The post advised that Avonte could be avoiding crowds and loud noises by "by hiding in a tiny nook - behind, under or in something."
Avonte's father, Daniel Oquendo, was heartened Sunday by the massive outpouring of assistance from complete strangers.
"It's beautiful, it's beautiful – I mean we've made so many new friends," Daniel Oquendo said.
The police deployment, meanwhile, has been nothing short of staggering, with officers combing every nook and cranny.
On Saturday, the Rev. Al Sharpton issued a community alert for Avonte, and members of his National Action Network pledged to canvass the city in search of the boy. Avonte's father appeared on Sharpton's radio show Saturday morning.
"Everybody – take the time out to look – five minutes. Come out your house, back around the block. Be aware of your surroundings," Daniel Oquendo said. "When you're going to work – walking to the train – just keep your eyes open."

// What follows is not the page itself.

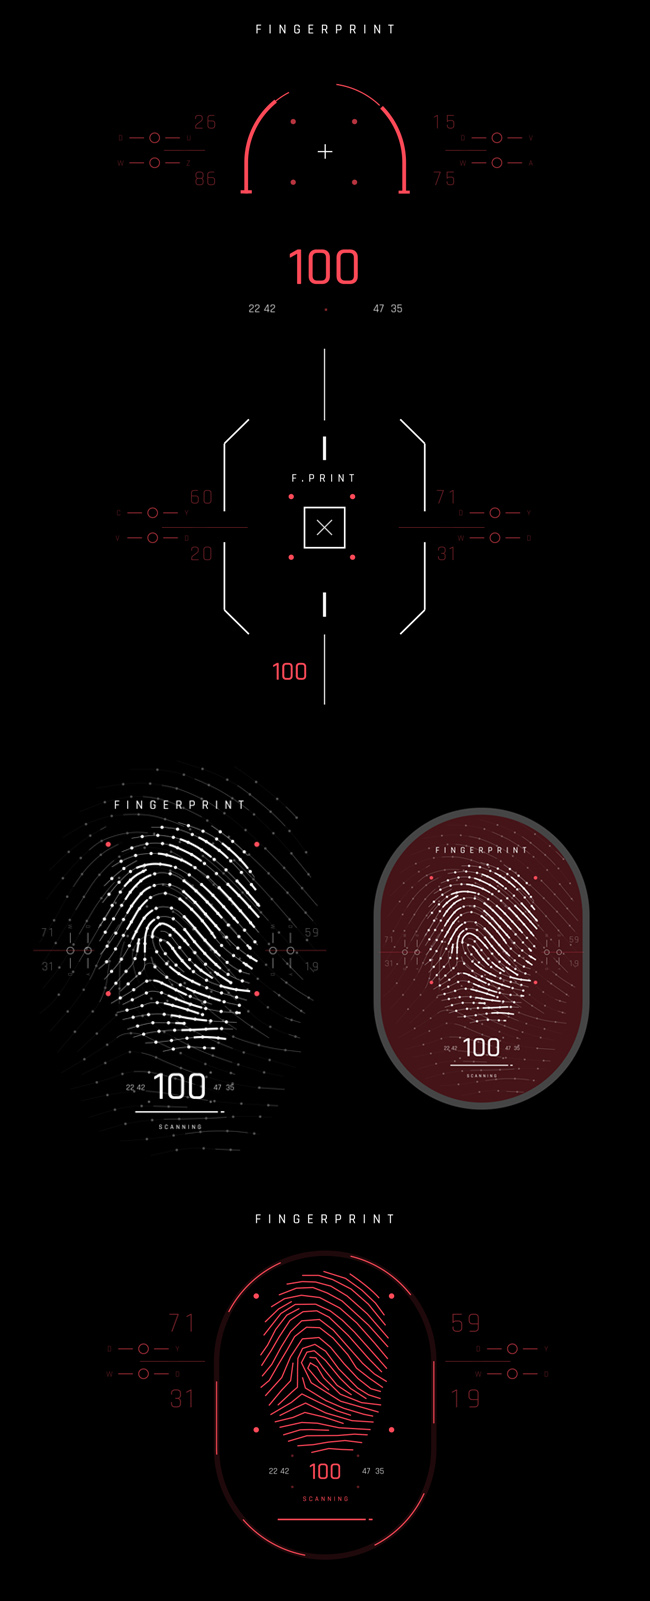 AE脚本-500个HUD高科技赛博朋克UI科幻界面元素动画预设包 Cyberpunk HUD UI 500+ 已修复中文版AE表达式报错插图44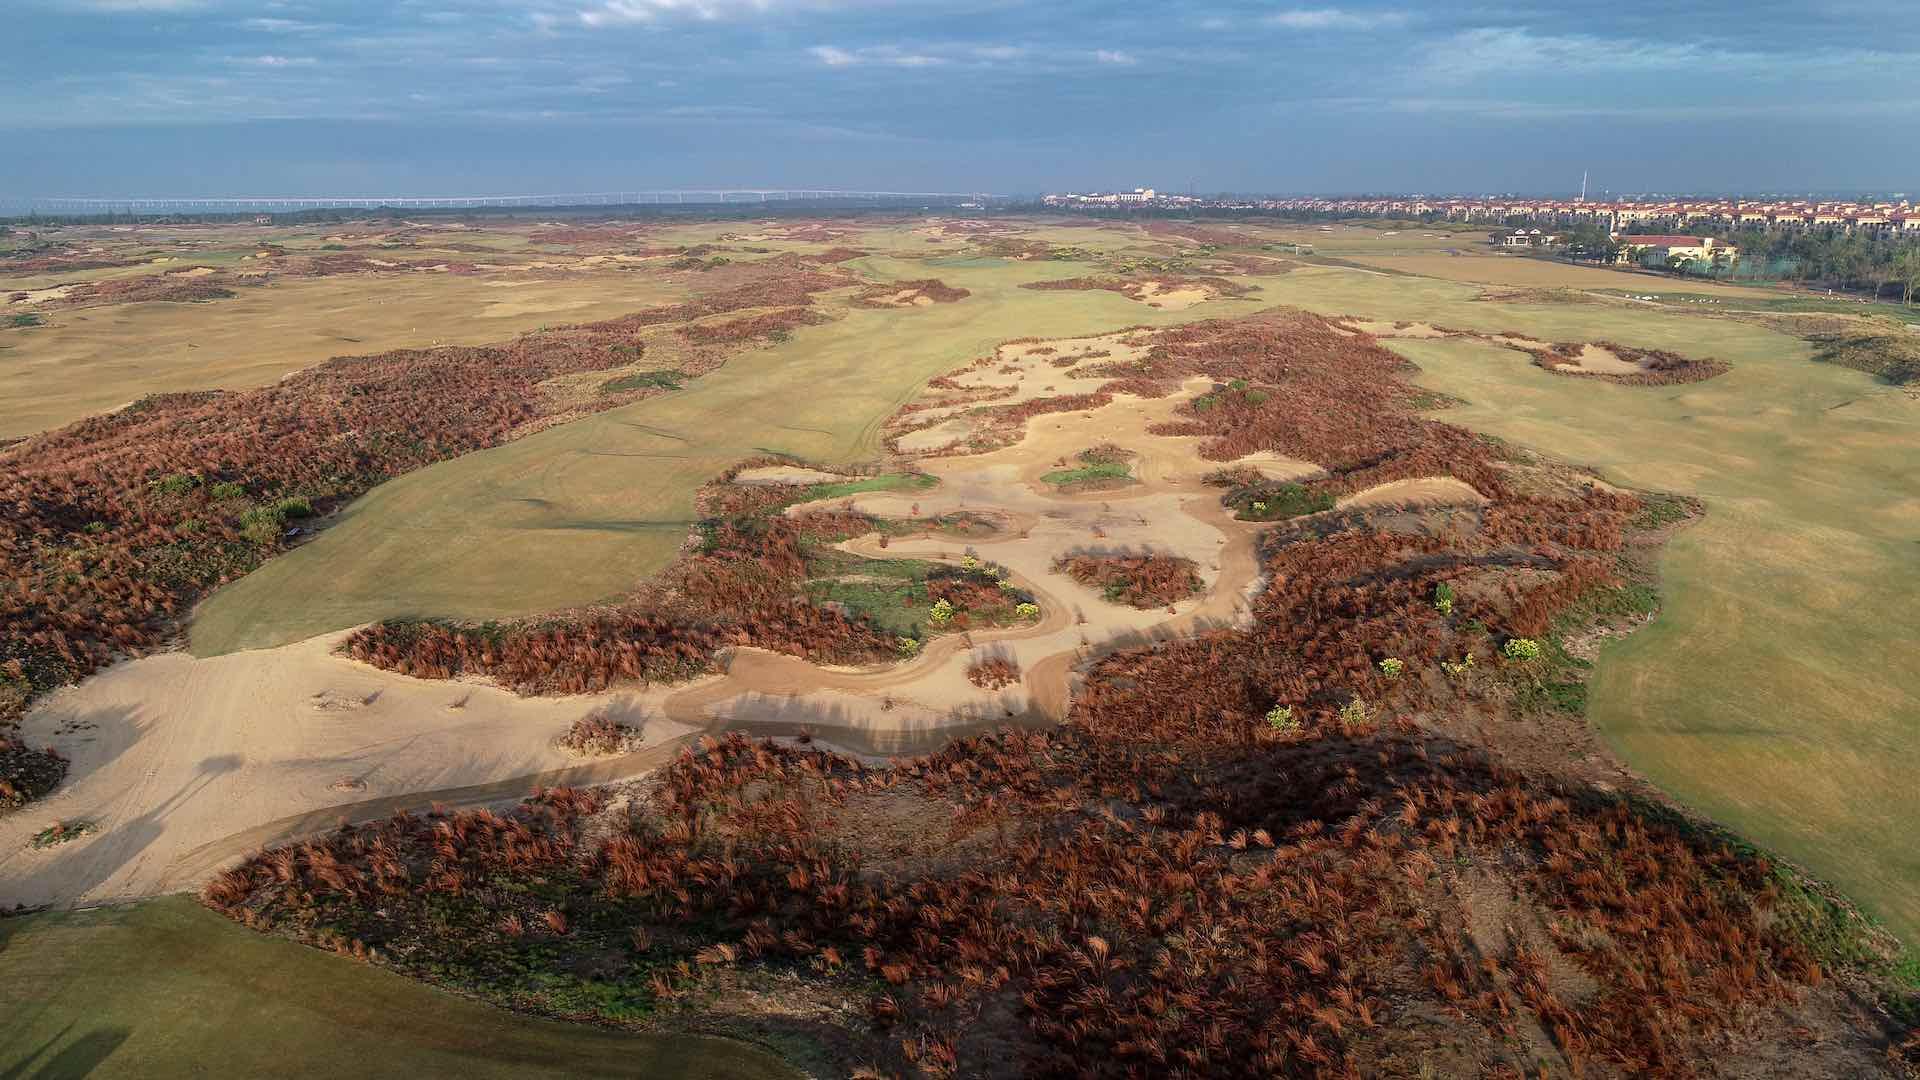 Yangtze Dunes course reopens

The response to the boy's disappearance has continued to be overwhelming, but more than two weeks later, there has begun to be some loss of hope.
"Look, it's difficult to be optimistic at this point in time, but we have an obligation to continue to look to continue the search, and we're carrying out that obligation with a significant amount of resources," said NYPD Commissioner Ray Kelly.
But Daniel Oquendo refuses to give up hope.
"Your emotions run up and down, up and down, and the more you do it, you beat your heart up, but you know, you've got to stay positive," he said.
A $70,000 reward is being offered by the group Autism Speaks for information about his whereabouts. In all, the reward is up to about $85,000, 1010 WINS' Carol D'Auria reported.
Since his disappearance, police, relatives and volunteers have blanketed the city with fliers and have combed through train stations, subway lines, and waterways. The nonverbal boy loves trains, according to authorities.
New York City subway riders have seen fliers taped to station support columns, and heard announcements from train conductors urging them to keep their eyes open.
Kelly said police have received at least 200 tips and have checked out 60 registered sex offenders in the area.
The NYPD continues to appeal to the public for any information. Commissioner Kelly told CBS 2 any detail could help break the case.